Я позвонил Мише на работу, он тут же примчался домой, и я полчаса повторял ему все, что слышал по телефону, а он бегал по квартире и кричал:
— Это провокация! Она не могла никому там довериться! Она не могла никому сказать в Финляндии о том, что я должен прилететь и выкрасть ее! Она не могла никому дать мой телефон! Я же знаю Галю! Она меня и под пыткой не выдаст! Ты уверен, что это был мужской голос, а не голос Гали?
— Я еще в своем уме…
— Но тогда это провокация КГБ! Они каким-то образом узнали! И они хотят заманить меня в Финляндию и накрыть нас обоих при попытке побега! Все! Я отключаю телефон, я не лечу ни в какую Финляндию! В конце концов, у меня в России остались родители — я не могу ими рисковать…
— Ты можешь выключить телефон, и ты можешь не лететь в Финляндию, — сказал я тоном мудрого одесского раввина. — Но запомни: если ты не полетишь, в твоей жизни не будет дня, когда ты не будешь презирать себя за трусость. И в ее жизни не будет дня, когда она не будет презирать тебя.

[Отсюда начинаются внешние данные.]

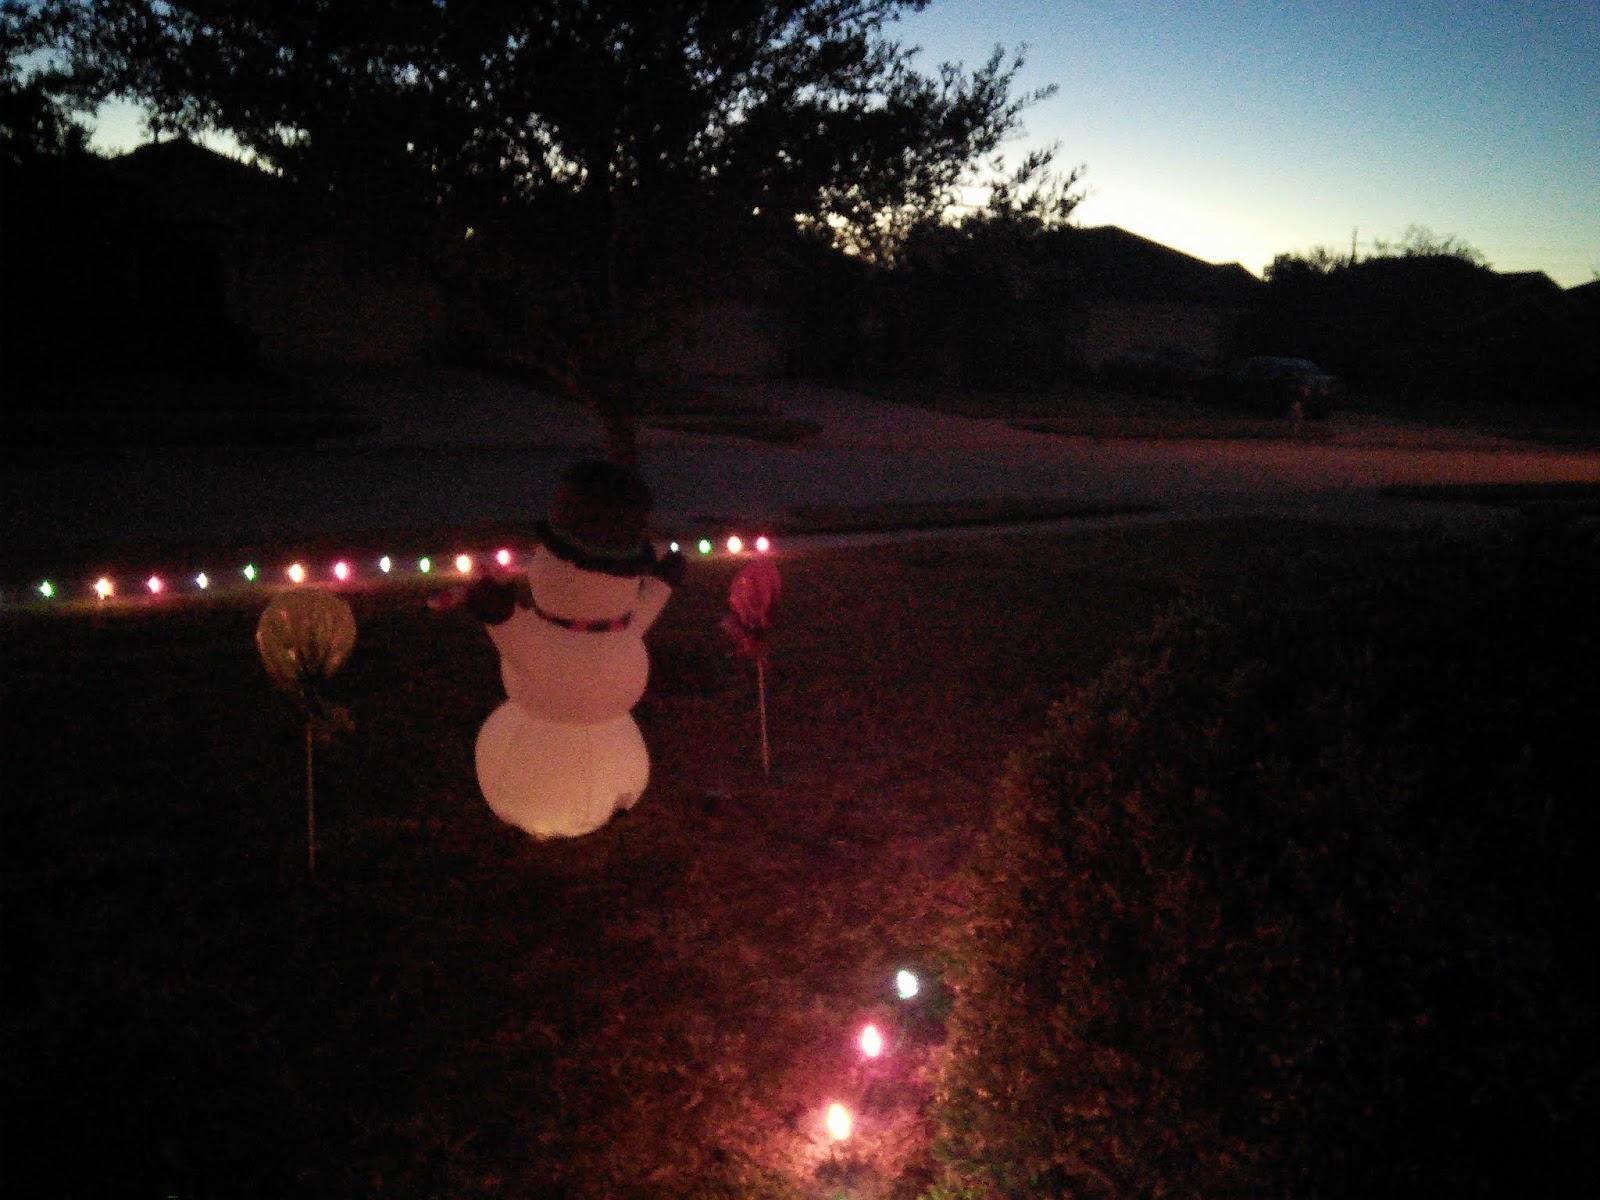 Christmastime - IMG_20141128_175321.jpg

— Но это же не она звонила! — закричал он. — Это КГБ! Они раскололи Галину кишиневскую подругу или, я не знаю, Галя выдала себя как-то, и теперь они просто заманивают меня в Финляндию! Это ловушка, ты понимаешь?

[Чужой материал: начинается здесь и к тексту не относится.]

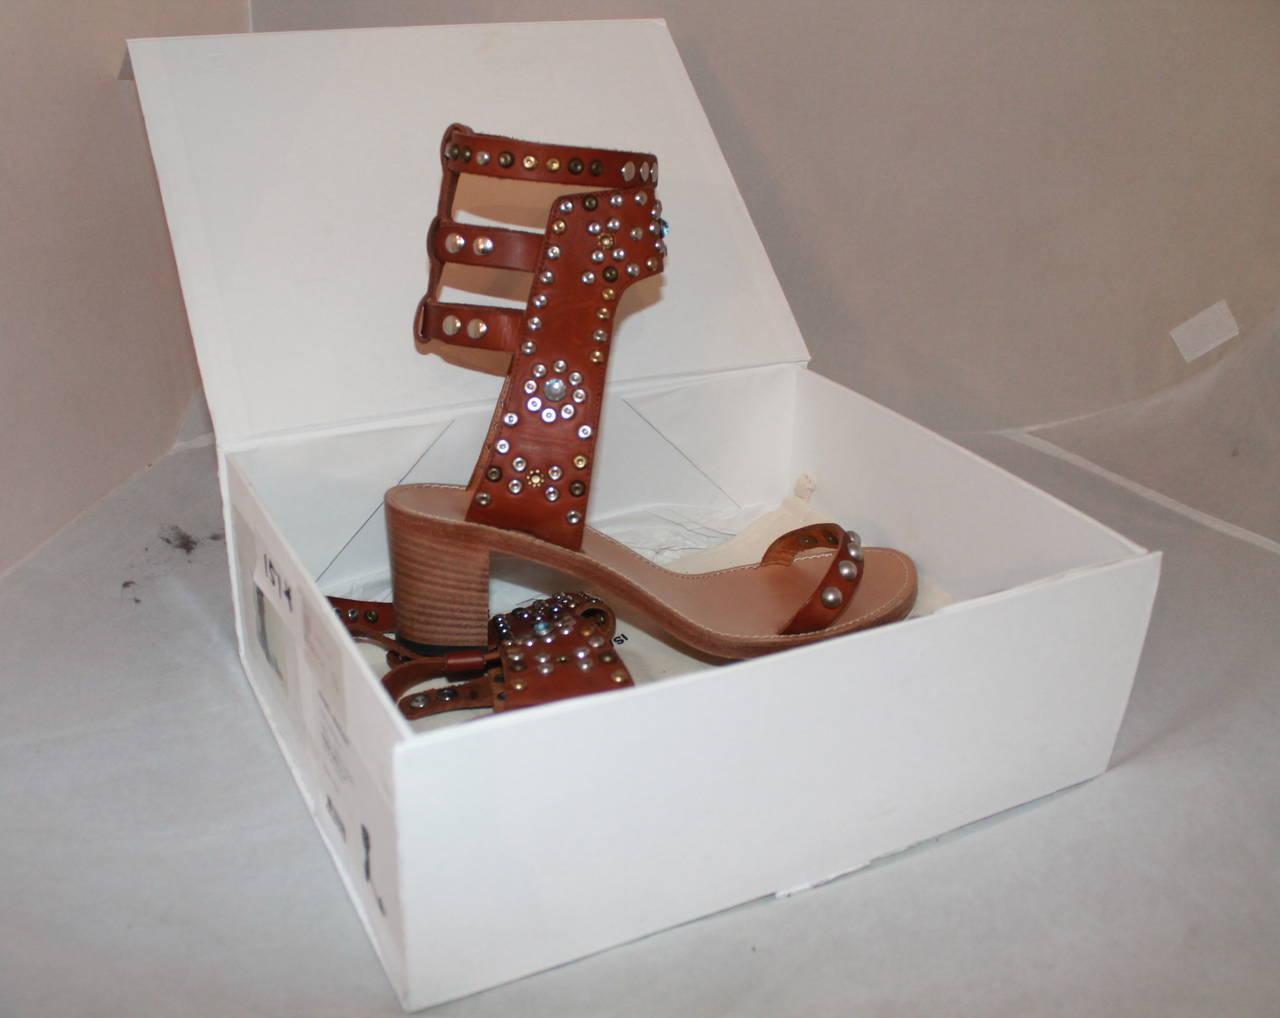 Isabel Marant Leather & Cap Embellished Sandals - 41 4

— Идиот! — психанул я. — Подумай: на кой хрен ты им нужен? Ты кто, блин? Солженицын? Буковский? Иранский шах? А теперь послушай самое главное. После этого звонка я позвонил в Вашингтон одному человеку. Он сотрудник ЦРУ, я познакомился с ним в Италии год назад. Конечно, сначала он не хотел говорить со мной на эту тему и сказал, что они не консультируют частных граждан насчет воровства женщин из стран соцлагеря. Но я рассказал ему, какая у вас дикая любовь, и он дал тебе один совет. Он сказал, что в Финляндии вы не должны пользоваться никаким транспортом, кроме такси. И что ты, если найдешь ее там, должен взять такси и ехать с ней прямо на север, на паром в Швецию. Впрочем, тебе это уже ни к чему, ты же не летишь в Финляндию. Пока!
И с этими словами я презрительно хлопнул дверью его комнаты и ушел спать.
В шесть утра Миша без стука вошел в мою спальню. Таким я его еще никогда не видел. Он был серый, как фасад нашего дома, и с воспаленными красными глазами.
— Я лечу, — сказал он мертвым голосом. — Старик, дай мне твою дорожную сумку. И не провожай меня, сиди у телефона: вдруг она еще позвонит? Если я не найду ее там, в Сууками, я тебе позвоню. А если я не позвоню и не вернусь через три дня, то…
— То передай от меня привет Андропову и скажи ему, что эта дорожная сумка моя. Пусть они вышлют мне ее обратно…
Он посмотрел на меня красными от бессонницы глазами, его рыжие ресницы дрожали от обиды.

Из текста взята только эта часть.